(Beginning of Collected material)

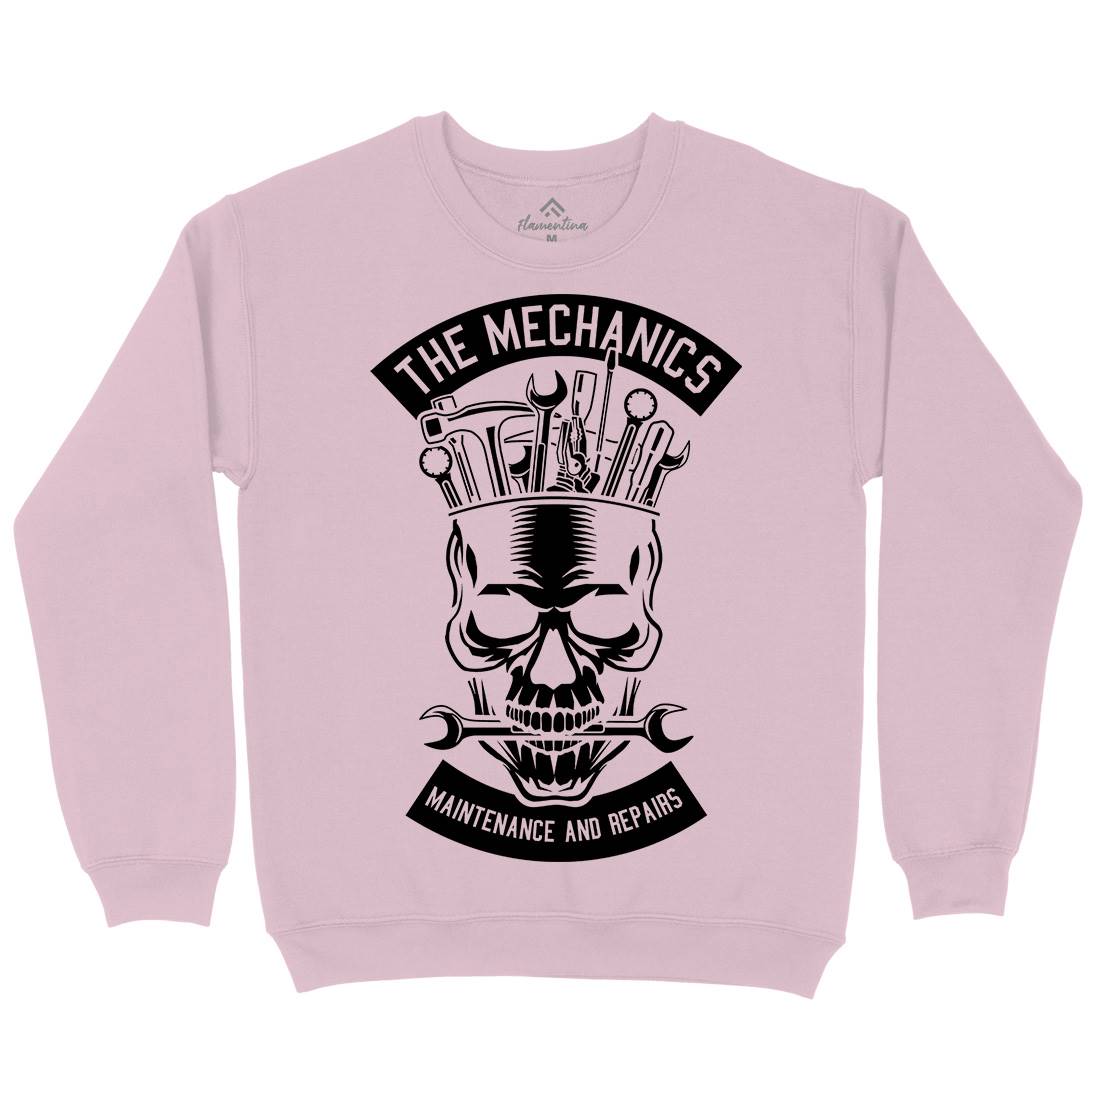 The Mechanics Kids Crew Neck Sweatshirt Retro B653
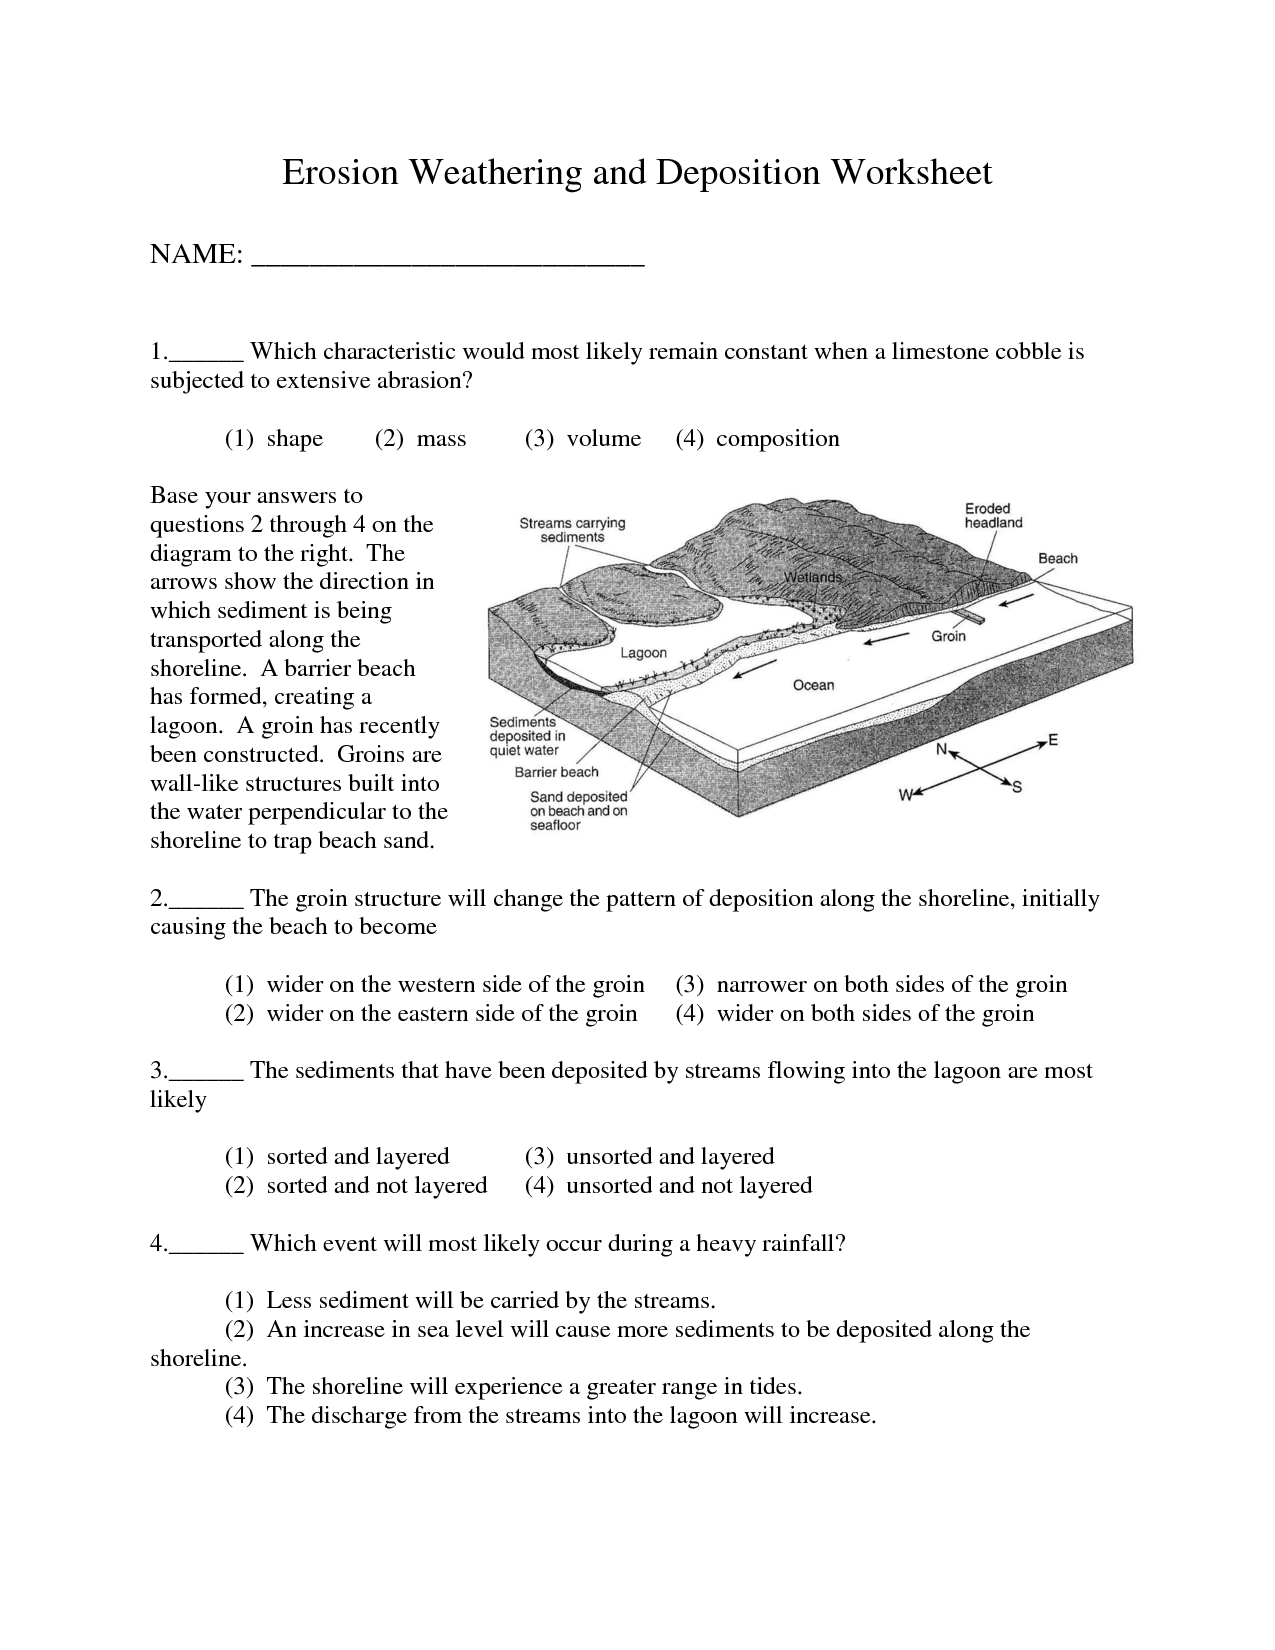 Weathering Erosion Deposition Worksheet Image
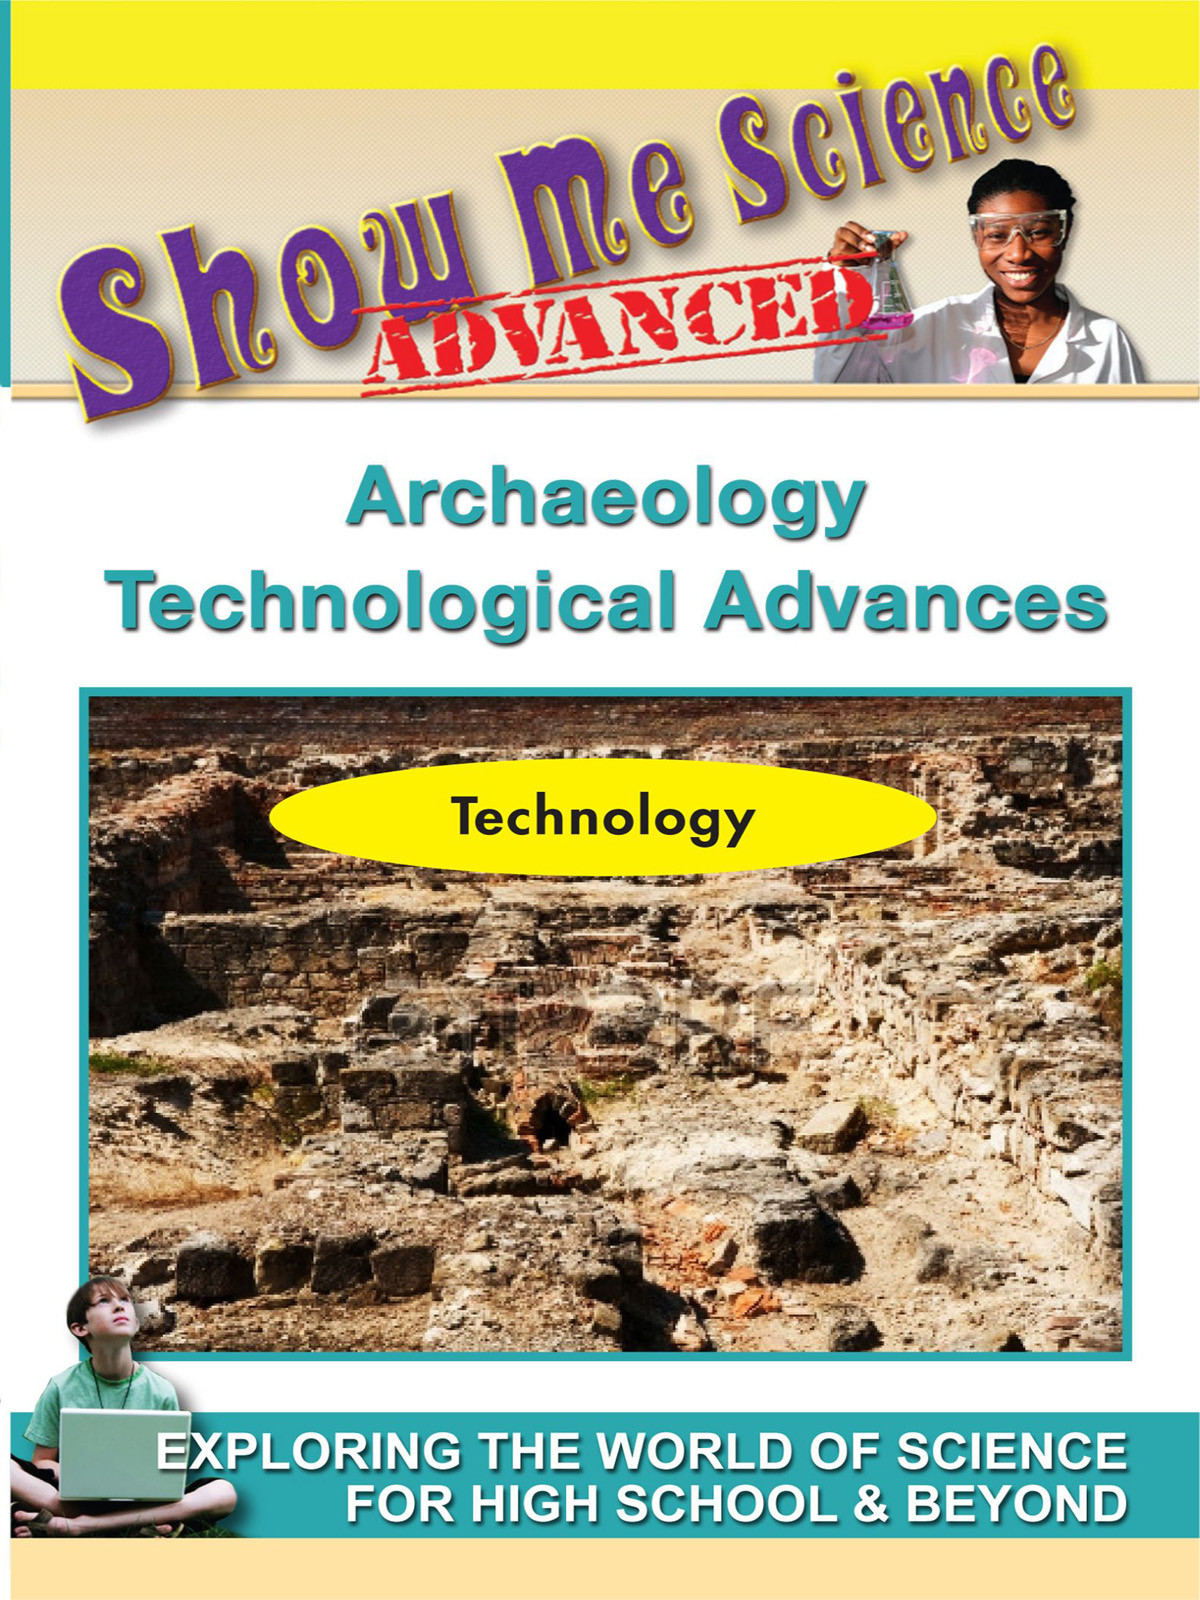 K4632 - Science Technology Archaeology Advances
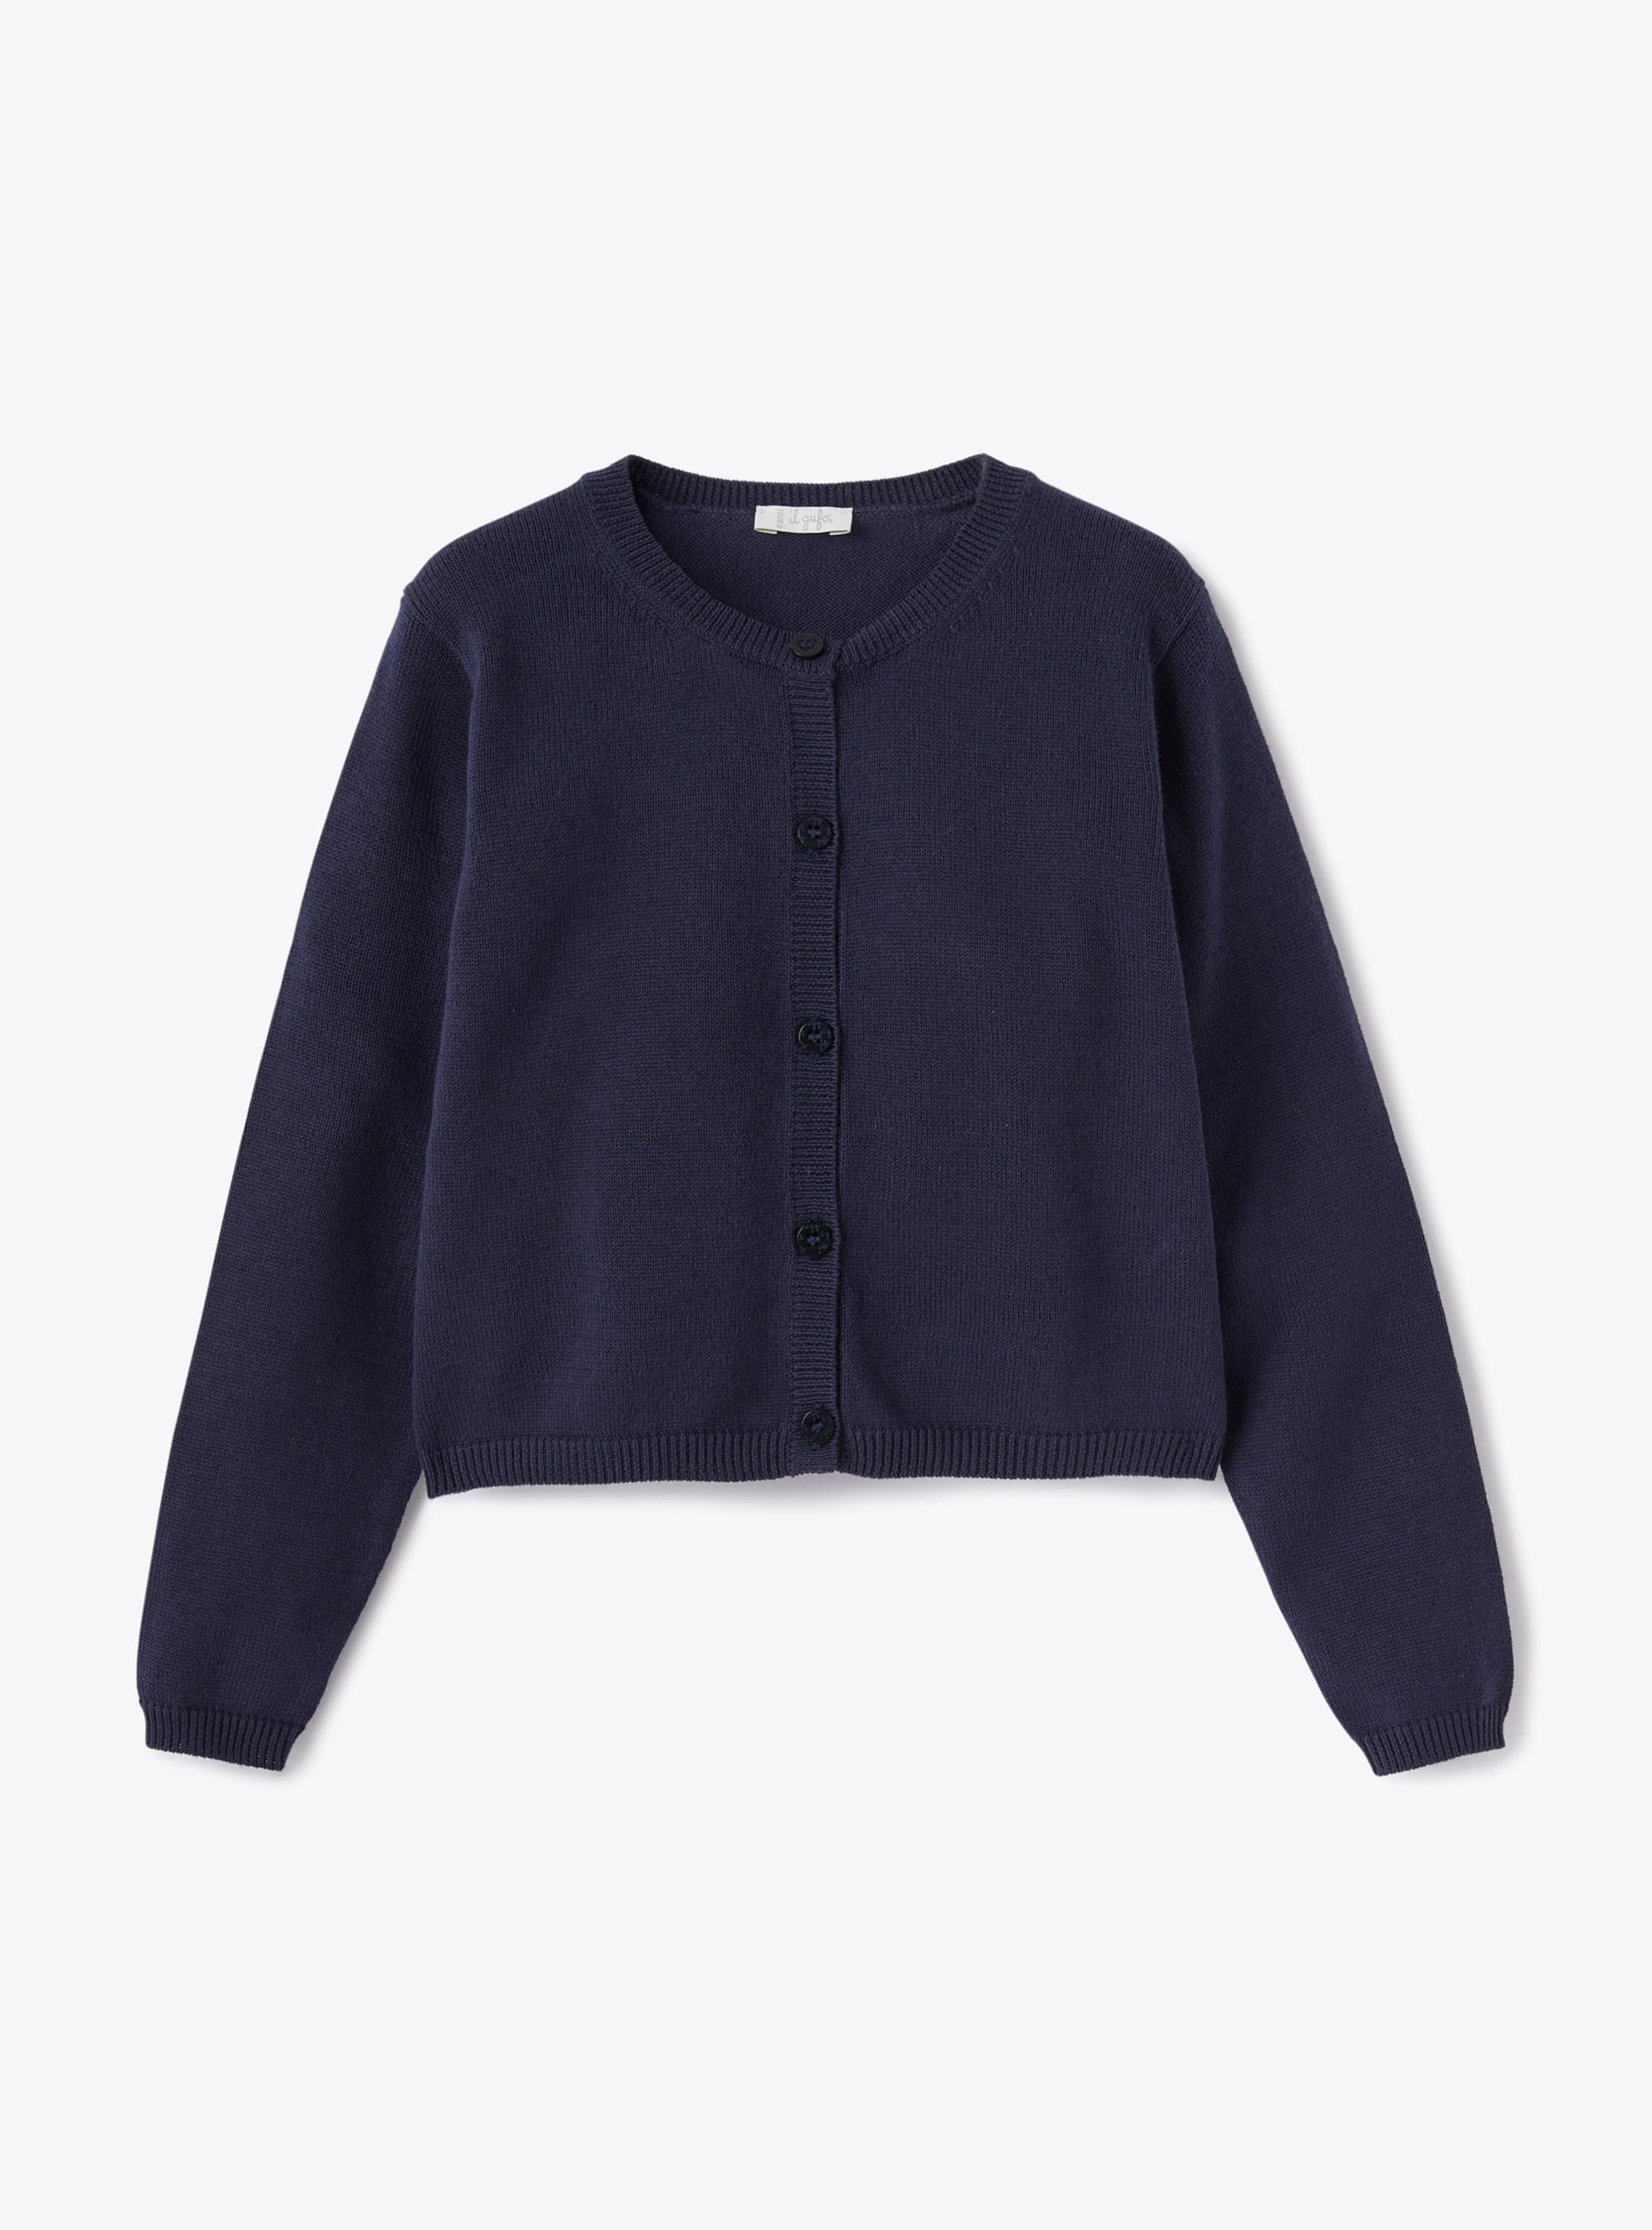 Cardigan in blue organic cotton - Sweaters - Il Gufo

(End of Collected material)

* Assignment:
Give back an exact copy of only the lines from the one with "Weathering Erosion Deposition" through the final line of the material, both included. Pictures do not belong in it.

* Answer section:
 Weathering Erosion Deposition Worksheet Image
 K4632 - Science Technology Archaeology Advances
 Cardigan in blue organic cotton - Sweaters - Il Gufo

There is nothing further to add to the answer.